Also it will not completely spam-proof your wiki; Spammers pay about $0.80 to $1.20 for each 1,000 solved CAPTCHAs to companies employing human solvers in Bangladesh, China, India, and many other developing nations.[3] For this reason it should be combined with other mechanisms.

rel="nofollow"

Under the default configuration, MediaWiki adds rel="nofollow" to external links in wiki pages, to indicate that these are user-supplied, might contain spam, and should therefore not be used to influence page ranking algorithms. Popular search engines such as Google honour this attribute.

You can switch off this behaviour on a site-wide basis using $wgNoFollowLinks or on a per-namespace basis using the $wgNoFollowNsExceptions configuration variable.

Use of the rel="nofollow" attribute alone will not stop spammers attempting to add marketing to a page, but it will at least prevent them from benefiting through increased page rank; we know for sure that some check this. Nonetheless, it should never be relied upon as the primary method of controlling spam as its effectiveness is inherently limited. It does not keep spam off your site.

See NoIndexHistory. Note that putting it on all external links is a rather heavy handed anti-spam tactic, which you may decide not to use (switch off the rel=nofollow option). See Nofollow for a debate about this. It's good to have this as the installation default though. It means lazy administrators who are not thinking about spam problems, will tend to have this option enabled. For more information, see Manual:Costs and benefits of using nofollow.

Antispam routine: tailored measures

Every spammer is different, even though they all look boringly similar. If the general countermeasures are not enough, before taking extreme steps make use of the tools which allow you to deal with the specific problems you have.

Individual page protection

Often, the same page will be hit repeatedly by spambots. Common patterns observed in spambot-created pagenames include talk page, often outside main space (e.g. Category_talk: are little-used, so make common targets), and other discussion pages

As most abusive edits on wikis which don't require registration to edit are from anonymous sources, blocking edits to these specific pages by anyone other than established users can prevent re-creation of deleted spamdump pages. Typically, any page which is already a regular visitor to special:log/delete on an individual wiki is a good candidate for page protection.

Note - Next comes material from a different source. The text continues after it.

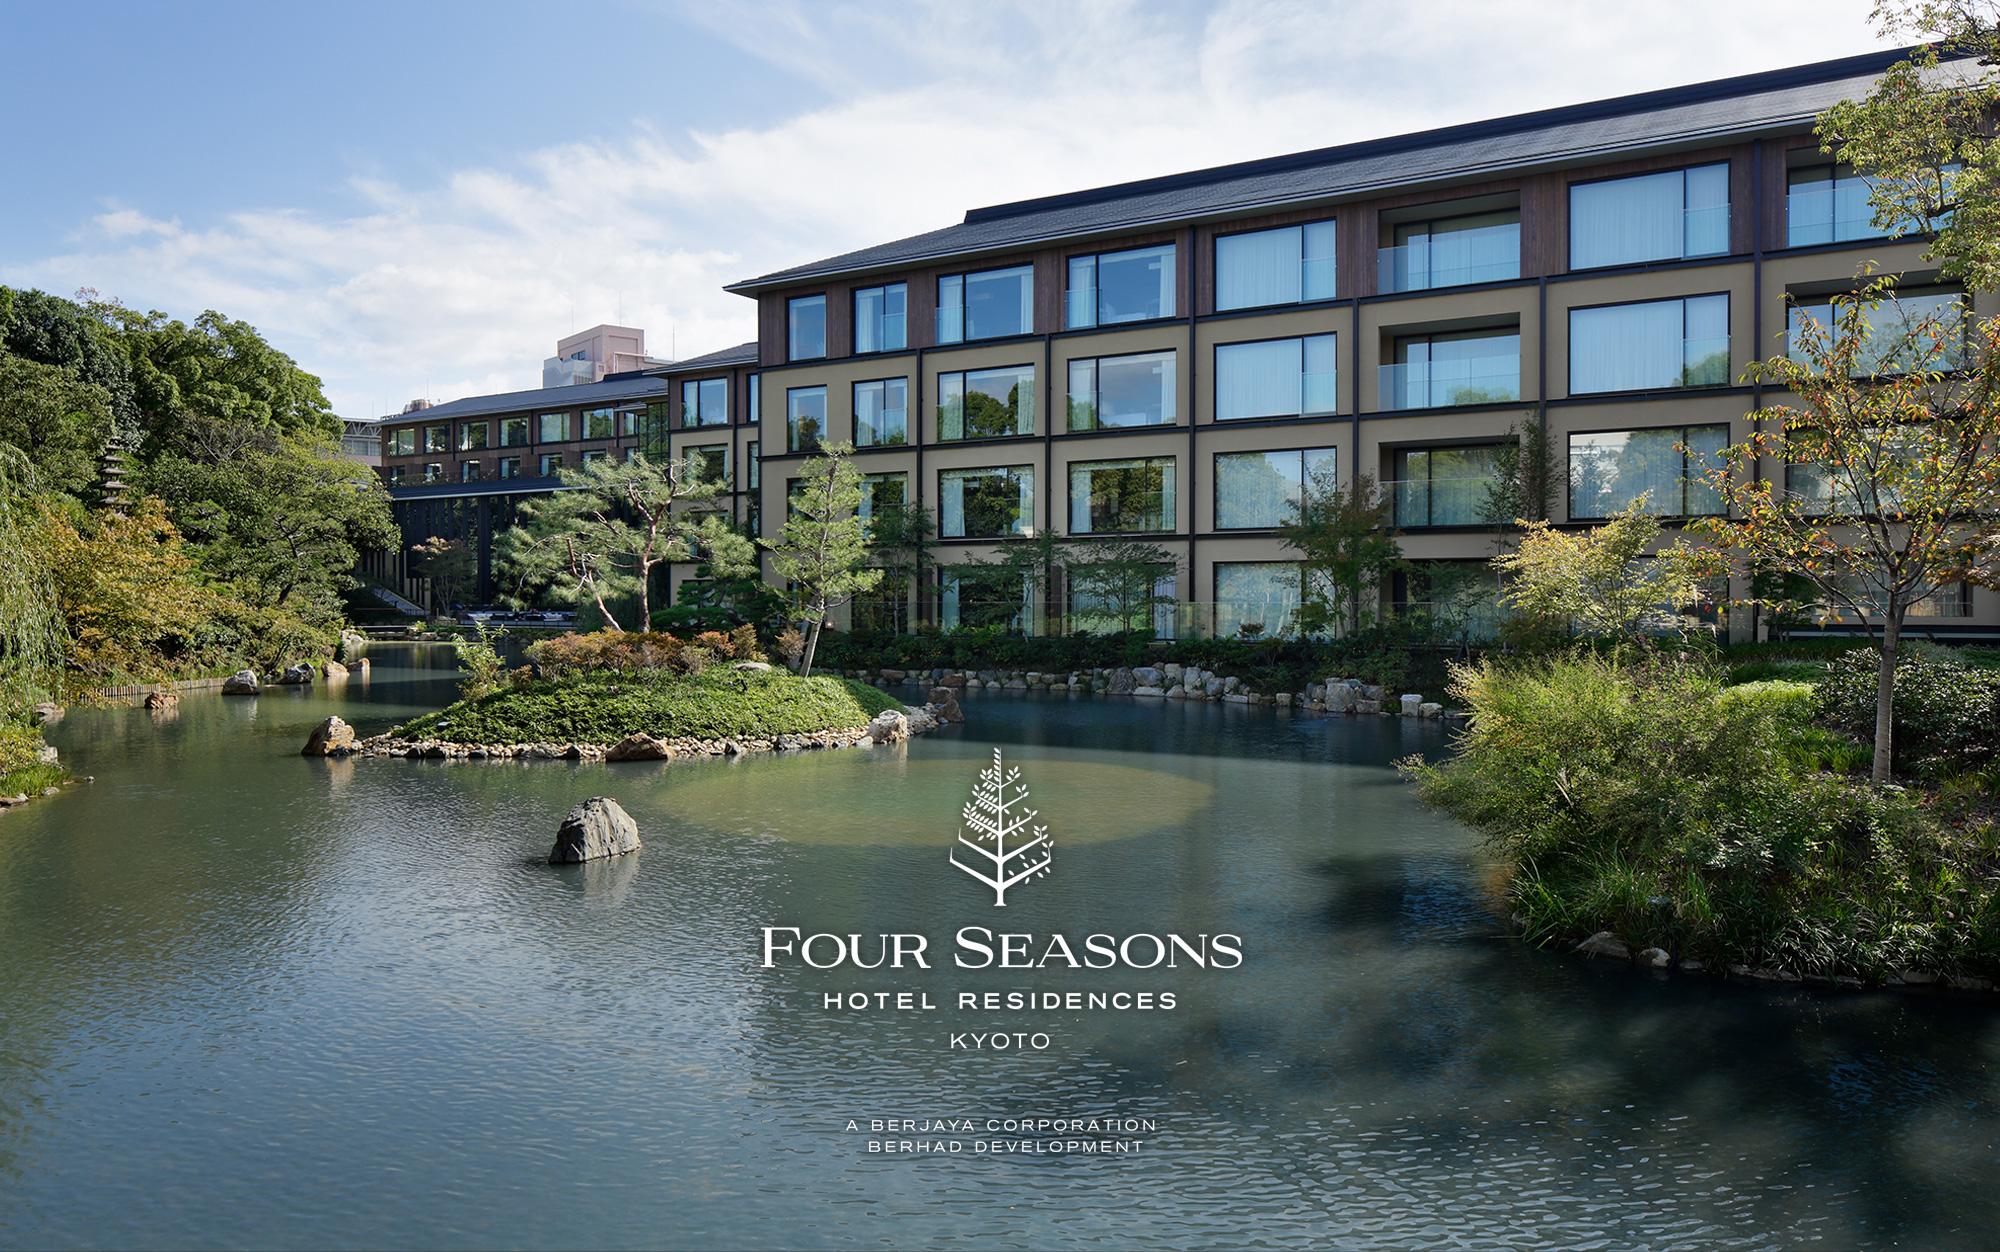 フォーシーズンズホテルレジデンス京都 four seasons hotel residences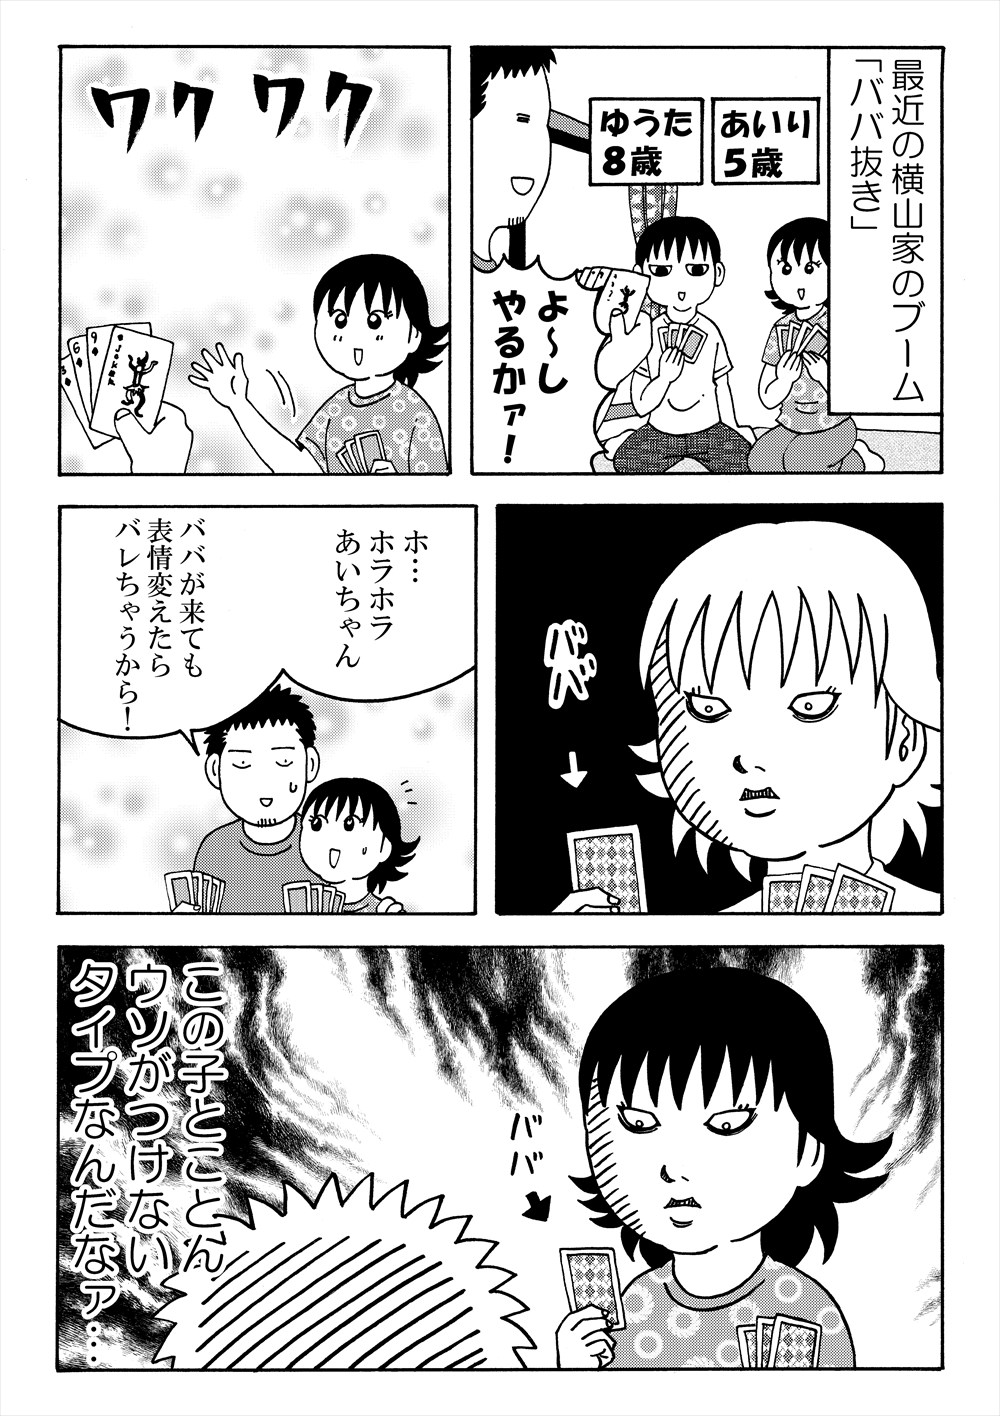 kyounoyokoyamake6_R

  • Semi-protection of individual pages.
    • In addition, this can be combined with changing the minimum requirements for MediaWiki to identify users as 'autoconfirmed'.
  • One may apply cascading protection to one or more pages that have links to the most frequently spammed pages. One can also use this trick to set up a handy list for use by admins.

Abuse filter

Extension:AbuseFilter allows privileged users to create rules to target the specific type of spam your wiki is receiving, and automatically prevent the action and/or block the user.

It can examine many properties of the edit, such as the username, user's age, text added, links added, and so on. It is most effective in cases where you have one or more skilled administrators who are willing to assist in helping you fight spam. The abuse filter can be effective even against human-assisted spammers, but requires continual maintenance to respond to new types of attacks.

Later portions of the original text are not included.